By the way, the quote “Not all who wander are lost” is a total crock of ish. I’ve yet to meet a wanderer whose life I envy. We are on this earth for a moment and then we return to dust. There is no second chance. Get out and get it, you beautiful wanderer!
And that’s what I told myself. And this is what I did:
1. I took God’s word at face value. I wanted the promises of Jeremiah 29:11-13, but in order to get the promise, I had to obey the premise (thanks, Rick Warren). I had to seek the Lord with all my heart. I had to spend time in His Word. I had to do what His Word said. I had to confess my ugly sin and self-obsession.
11 For I know the plans I have for you,” declares the Lord, “plans to prosper you and not to harm you, plans to give you hope and a future. 12 Then you will call on me and come and pray to me, and I will listen to you. 13 You will seek me and find me when you seek me with all your heart.

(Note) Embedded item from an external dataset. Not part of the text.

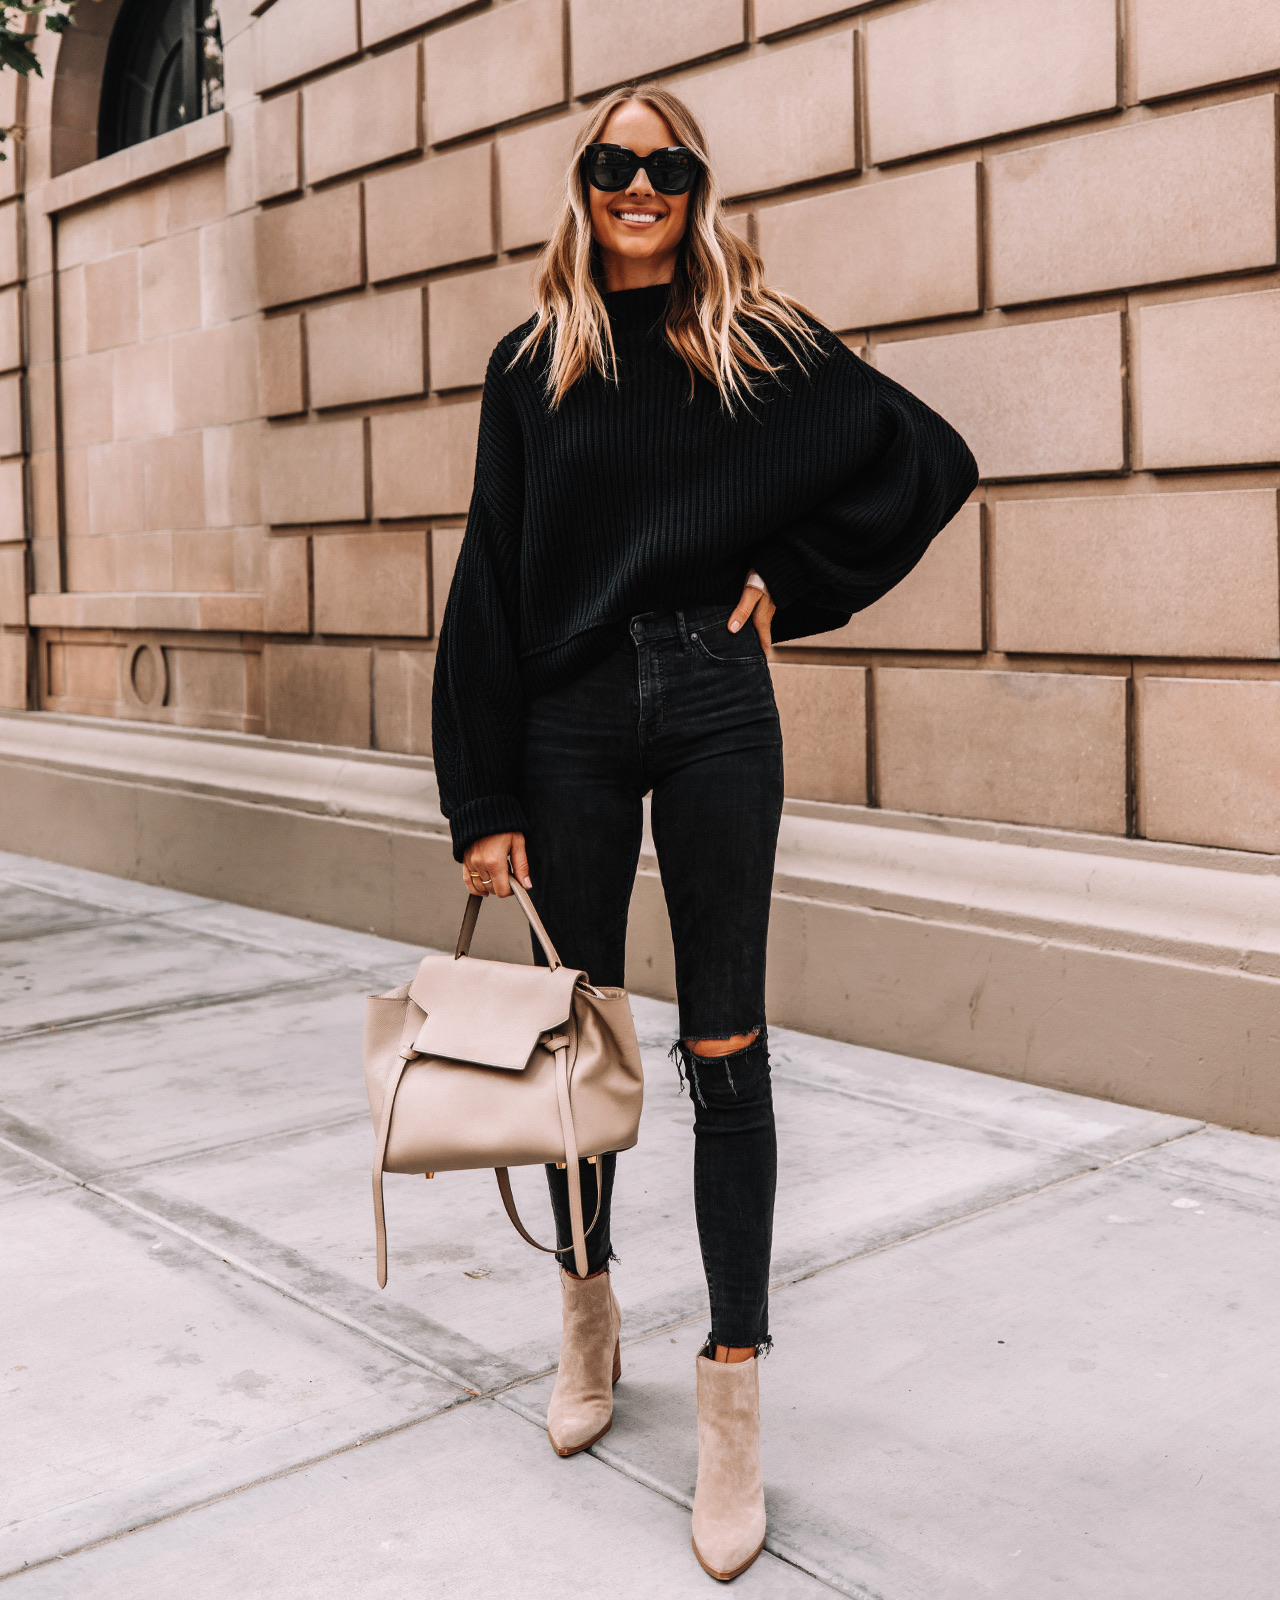 The Top 10 Fall Clothing Essentials All Women Need - Fashion Jackson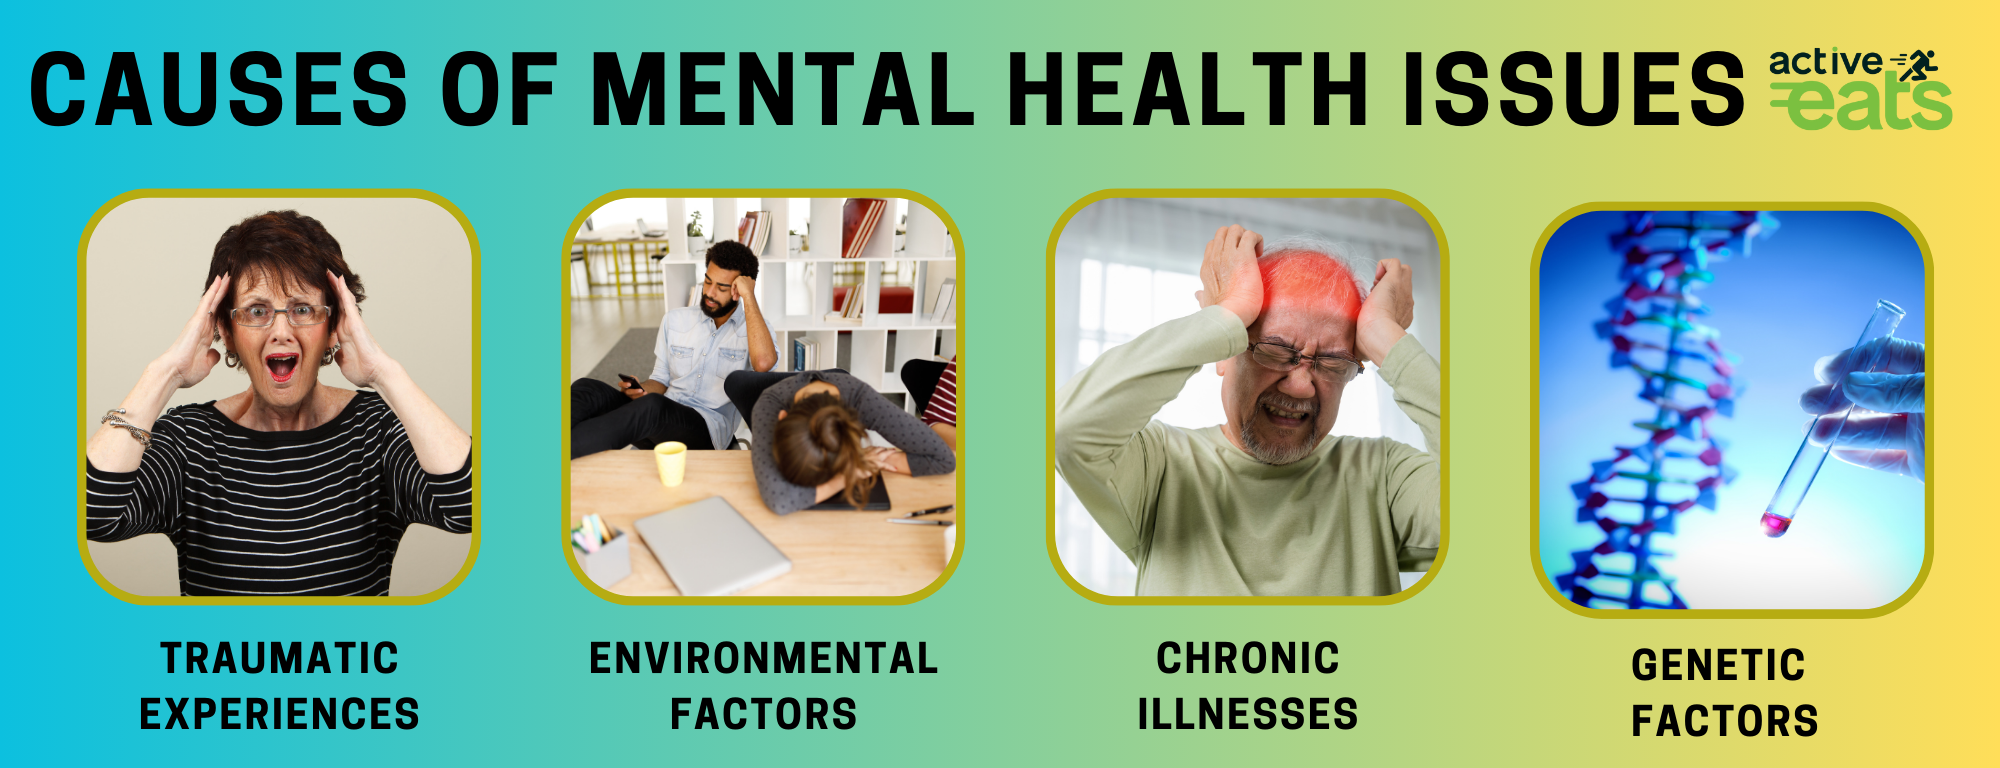 Image showing common mental health problems which are traumatic experiences, environmental factors, chronic illness and genetic factors

God didn’t take me to St. Louis to leave me. I knew I could prosper in this place. I knew there was a hope and a future for me. I knew that I could seek God and find Him if I did it with all my heart.
2. Know who I am and whose I am. I had always defined myself as a teacher and I strove to do the best I could, but I didn’t necessarily do it for God. If I had been honest my efforts I would have seen that it was to please my students and impress my colleagues. It was time I defined myself as God’s child and go after the promises that comes with it.
3. I got out there and found friends. It was both freeing and hard to get out of my funk because that meant that I couldn’t feel sorry for myself and instead I had to put myself out there. But God brought women into my life who were also feeling a little funky in their funks. He brought people who were starved for intentional and nurturing community. We talked about our funks and we saw each other through. And it was cool.
4. I decided to pursue my God-given gifting. I would forever wander and trip over myself unless I found out what the heck I was doing here. (more on this later.)
Maybe you’ve just finished your renovation (whether you’re cleaning out a drawer or knocking down a house, this is all of us), or are getting ready to move, or have moved, or are getting ready to go to Home Goods and come back and watch too much Netflix. Girl, I feel you. Hear me when I say that. No one is here to judge or put any shame in your game.
But take a long look at where God has put you. What’s your unique and specific context, and how does He want to use you there? Maybe it’s time to take His Word at face value, or find some new friends, or live your life like you are the daughter of a King and shake off some really ugly habits. Your gifting and context is as unique as your fingerprints. You are the first and last you, and this is your first and last life. Preach the Gospel to yourself, and get out and get going.